News Corporation is preparing to spend up to $US1 billion ($1.3 billion) to further expand its internet business, which chairman Rupert Murdoch yesterday nominated as the global media group's top priority.
Mr Murdoch said News, owner of The Australian, had tens of billions of dollars of value in its news, sport and general entertainment businesses.
"While we monetise this value daily in the form of our TV shows, films, books and newspapers, our priority now is to perfect a plan that will monetise them across the world on the internet," he said.
News last month spent $770 million buying US internet group Intermix, which owns the MySpace.com social networking site and about 30 other sites. Last week it bought US sports content site scout.com for $US60 million.
Mr Murdoch revealed News was now in talks to buy a small internet search engine and was developing its own mass entertainment website.
"It's a yet-to-be named general entertainment site. We have Fox sites now but they are more promotional in nature for films and products - this is a big entertainment site that encompasses the whole industry," he said.

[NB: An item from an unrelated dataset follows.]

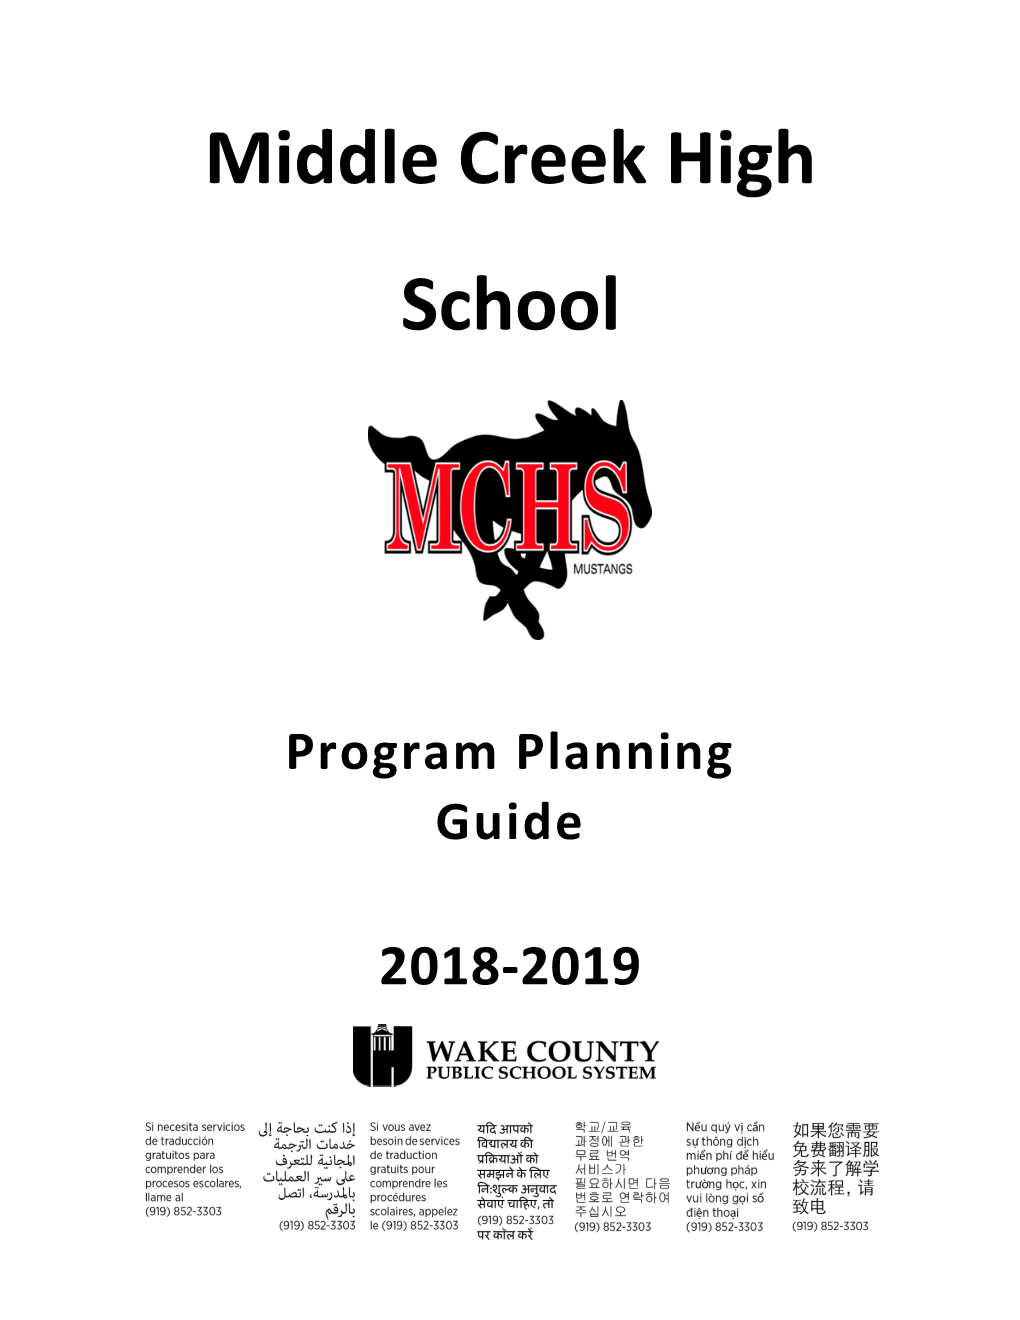 Middle Creek High School

News had also tried to buy the voice-over-internet software group skype.com but its founders did not want to sell.
While News might spend up to $US1 billion on a series of "modest" investments, Mr Murdoch said it did not intend spending "tens of billions".
"This is something we want to grow," he said.

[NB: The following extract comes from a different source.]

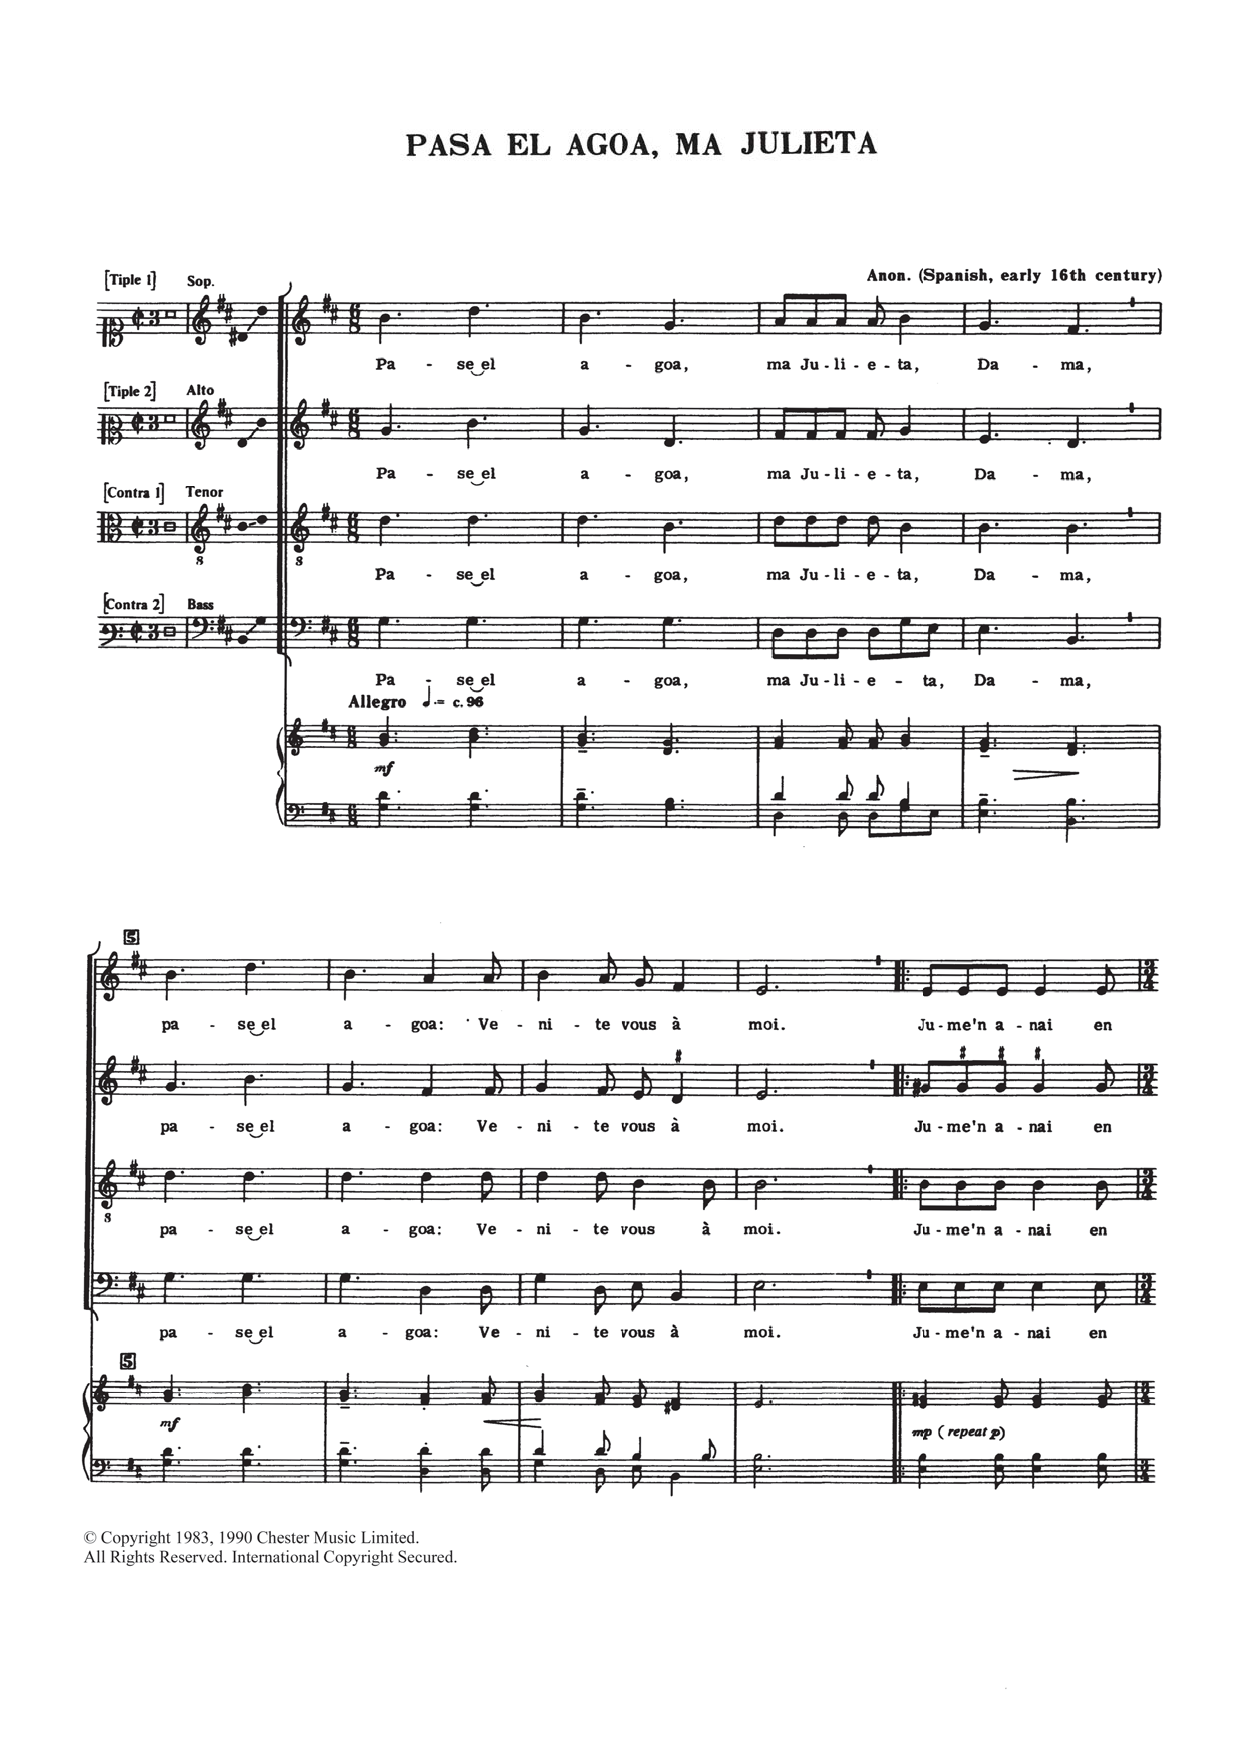 Traditional Pase El Agoa, Ma Julieta sheet music notes and chords arranged for SATB Choir

But Mr Murdoch said there was "no greater priority" for News than to "meaningfully and profitably expand its internet presence and to properly position the company to benefit from the explosion in broadband usage that we are now starting to see".
"Our commitment to this space will constitute a major part of the company's growth, profits and asset building over the next several years," he said.
Mr Murdoch said News would combine its content with consumer choice to "redefine the meaning of the internet vertical".
News planned to buy or develop a "full army of web tools" so users could personalise their internet experience. "We can go deeper with more resources than virtually anyone else, and we plan to exploit that advantage, not only editorially but also in the lucrative local ad market," he said.